Almost half of the top 500 global fund manager brands have disappeared in the last decade, the latest Thinking Ahead Institute annual review of the sector has found. A total of 232 names on the 2009 list of 500 largest asset managers were not on the 2019 list.
Pre-dating the COVID-19 crisis, the Thinking Ahead Institute (TAI) analysis found the 2019 calendar year was a bumper one for the funds industry with total assets under management (AUM) increasing almost 15 per cent over the annual period to burst through the US$100 trillion (A$140.1 trillion) mark for the first time.
But, in somewhat of an understatement, the study, released last week (October 19), says: “There seems to be a quickening of the pace of consolidation.” Roger Urwin, TAI co-founder, said: “The investment industry has always been dynamic, but the pace of change is speeding up, manifested notably through consolidation.”
Passive assets under management increased more than 25 per cent year-on-year, almost exactly double the rate of active counterparts: although, overall active AUM still outweighs passive about three-to-one. However, the TAI active/passive split is based on long-term data for only about a third of the total AUM captured in the study.
Urwin said the growth in index solutions reflected “rapidly advancing technology… changing the shape of mandates and producing products that require less governance and are more streamlined.”
“Private markets have also continued a significant growth trend in the last decade, during which investors have sought higher returns involving higher risk,” he said. The annual TAI survey also found about a third of managers saw average fees drop over the year while 7 per cent increased fees.
BlackRock retained its top-of-the-table title in 2019, finishing the year with US$7.4 trillion under management followed by Vanguard (US$6.2 trillion), State Street (US$3.1 trillion) and Fidelity (US$3 trillion). Notably, the big four players have all benefited from the indexing phenomenon of recent years.

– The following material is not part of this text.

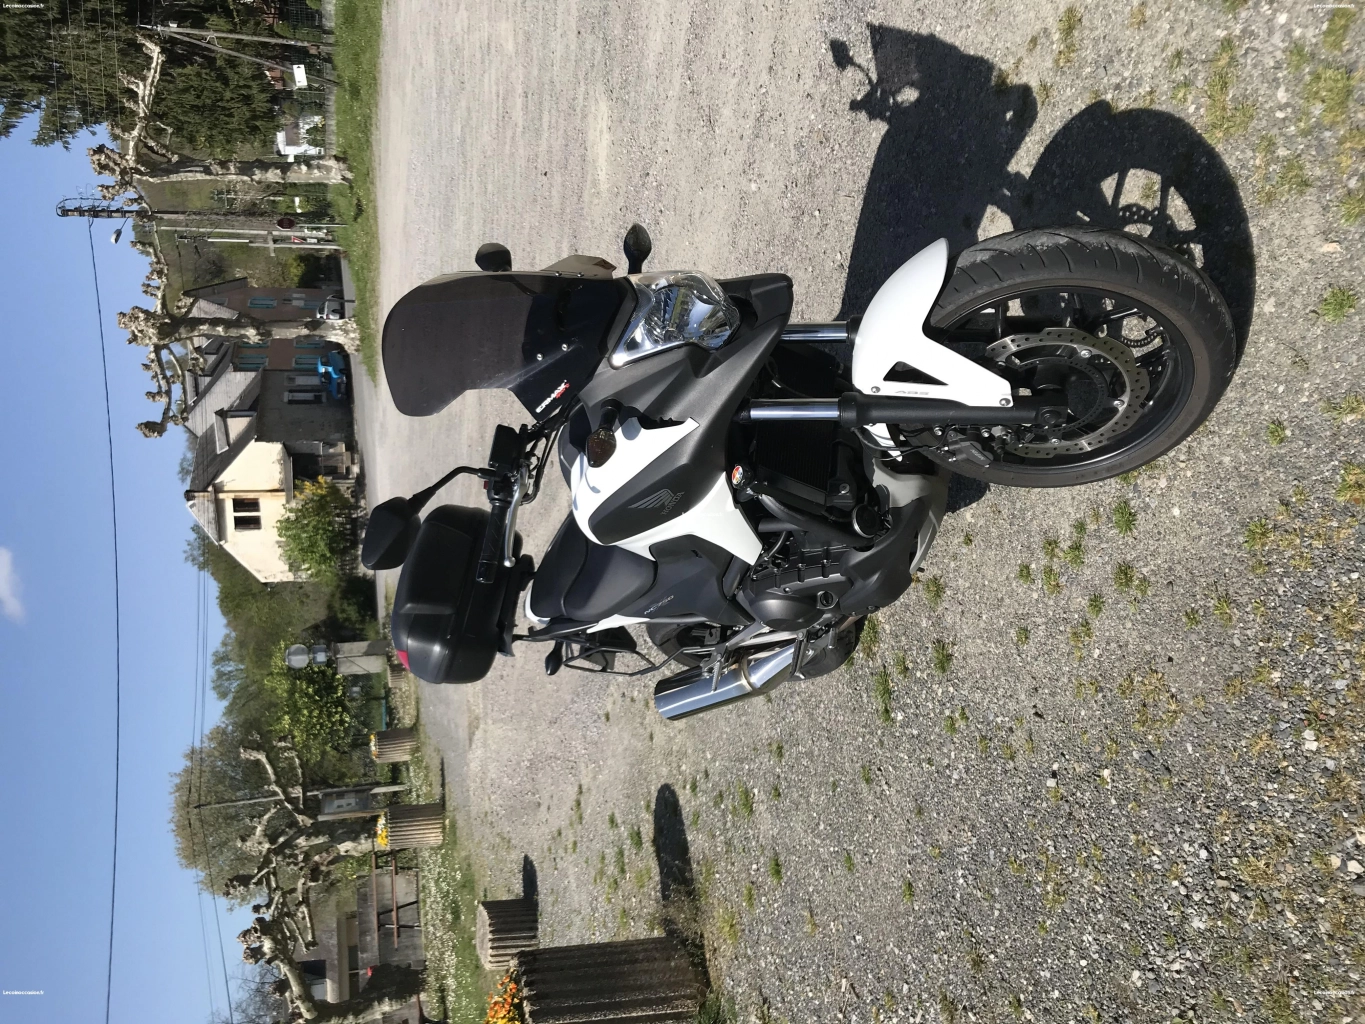 A vendre moto Nc750xdt Honda

Macquarie with about US$412 billion under management is the highest entry (60) from Australia in the TAI top 500 that also features a handful of other firms from the region including AMP Capital (133), Pendal (199) and Magellan (205). Sitting at 409 on the list, the Wellington-headquartered Morrison should be the sole NZ entry, however, TAI classes the almost US$16 billion the manager has as ‘Australian’.
Many of the names on the TAI top 500 would be unfamiliar to Australian and NZ investors such as Geode Capital Management – the biggest mover over the year, rocketing up 38 places to 45 on annual AUM growth of just under 24 per cent.
In the release, Marisa Hall, TAI co-head, said the asset management industry was also adapting “to reflect changes in client expectations as well as those of their colleagues and broader society”. She said: “These [changes] are increasingly linked to purpose and culture, diversity and inclusion and ESG and are taking place at the highest levels of these organisations.” For example, the TAI study found:
- 50 per cent of managers increased the number of ethnic minorities and women at high positions;
- Client interest in sustainable investing, including voting, increased across 88 per cent of managers;
- 84 per cent of managers increased resources deployed to technology and big data and 76 per cent increased resources deployed to cyber security;
- The number of product offerings during the year increased across 65 per cent of surveyed firms; and,
- 51 per cent of managers reported an increase in the level of regulatory oversight.
The report was produced in association with the Pensions & Investments publication. TAI is an independent offshoot of the Willis Towers Watson Thinking Ahead Group. The big consulting firm itself has succumbed to the consolidation trend in a merger with global rival Aon now in train.